Thursday, May 12, 2011

Joust

The conversation began as it did in the weeks leading up to each of my son’s birthdays: who do you want on your cake? With my oldest at four years old, and my youngest now turning three, we’ve had our fair share of stereotypical cakes: Elmo, dinosaurs, Handy Manny, farm animals and the like. Personally, I was hoping he would suggest something simple, like Mickey Mouse, since his mother holds minimal cake decorating talent. Instead, he shocked me with his response. In his two-year-old lisp, he told me, “Mama, I justh want Jousth on my cake.” Joust? As in the Calvin College mascot?

Let me inform you at this point that as of this past January my son had a love/hate relationship with Joust. We were regular attenders of Calvin men’s basketball games, and every Saturday home game he would neglect the game being played on the court to seek out the oversized Knight roaming the crowd. “There he ith! There he ith!” he would point out to us. However, anytime Joust would approach within a ten food radius, my son would bury his head into my shoulder, grip tightly onto me, and scream. Apparently this relationship was never meant to be.

Except over time my son softened. Joust, it turns out, is not a terrifying monster but a friend to all. After observing my oldest son confidently approach him and give him high-fives or knuckles, my youngest soon learned to face his fears and made physical contact with Joust and redefined this former “foe” as a new “friend.”

Driving down Lake Drive or Breton, my youngest would always find the Calvin College sign and remind us “Dat’s where Jousth liveths.” And, on the morning of the Calvin College Spring Classic, while all of the other children were playing games with the physical education students, my youngest approached Joust and asked him to play catch. The two were inseparable.
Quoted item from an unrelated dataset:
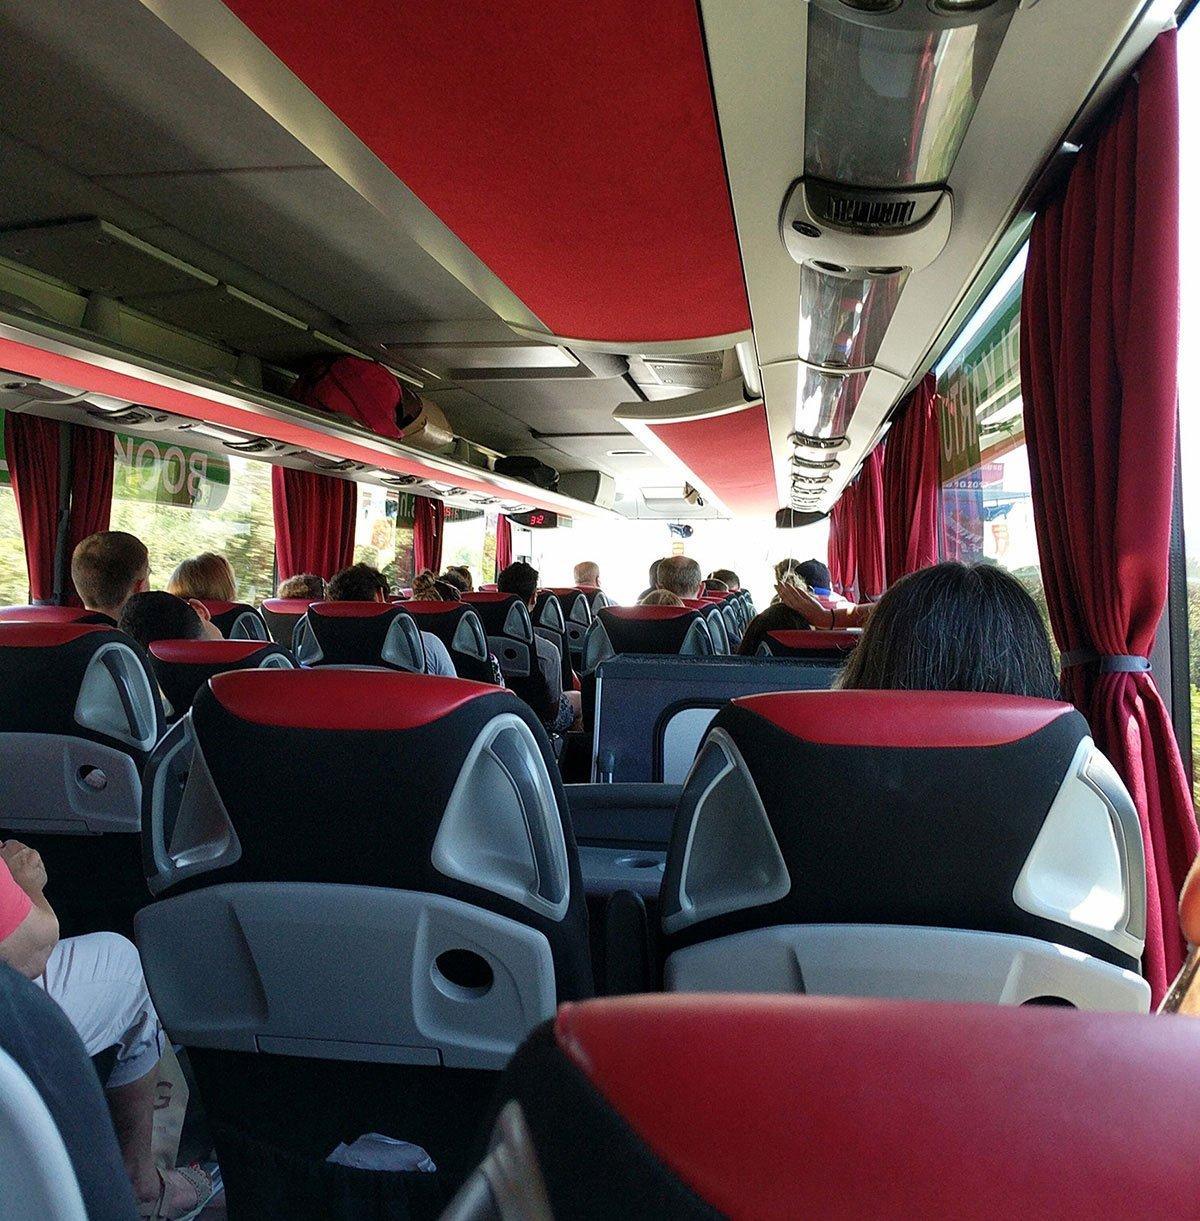 An intercity bus in croatia
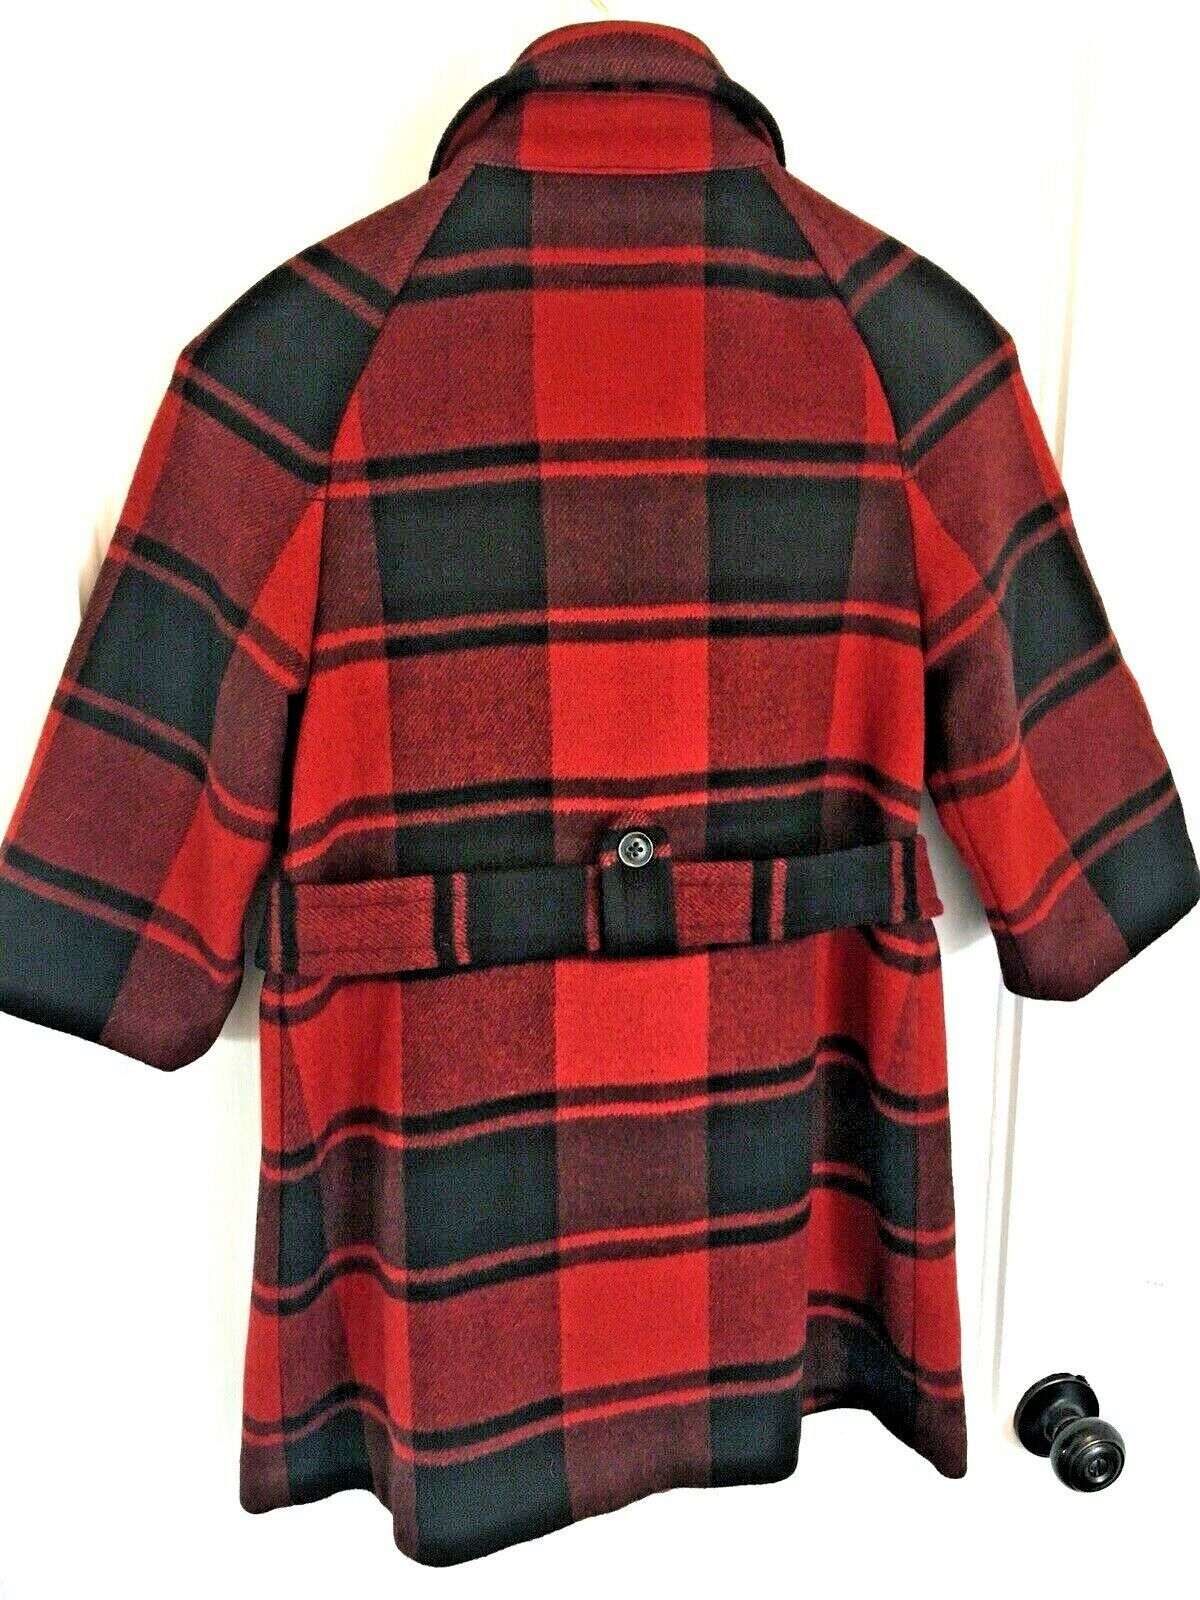 GAP Buffalo Check Red & Black 3/4 Sleeve Plaid Wool Pea Coat Jacket SIZE XS

But now onto the birthday dilemma. How would I ever pull off a Joust party? I used what basic decorating skills I had to recreate the Knight logo on a cake, I was able to purchase maroon and gold plates and napkins at a local party store (only because in May they carry all graduation colors of the local schools), and we even printed out a few large image pictures of Joust in action at the basketball games as posters for our walls. And my son couldn’t have been more thrilled. The morning of his party we all donned our best Calvin gear (with both boys in their basketball jerseys) and blew out the candles on his “Jousth” cake.

I’m only hoping his birthday wish was a full-ride scholarship to Calvin in 15 years.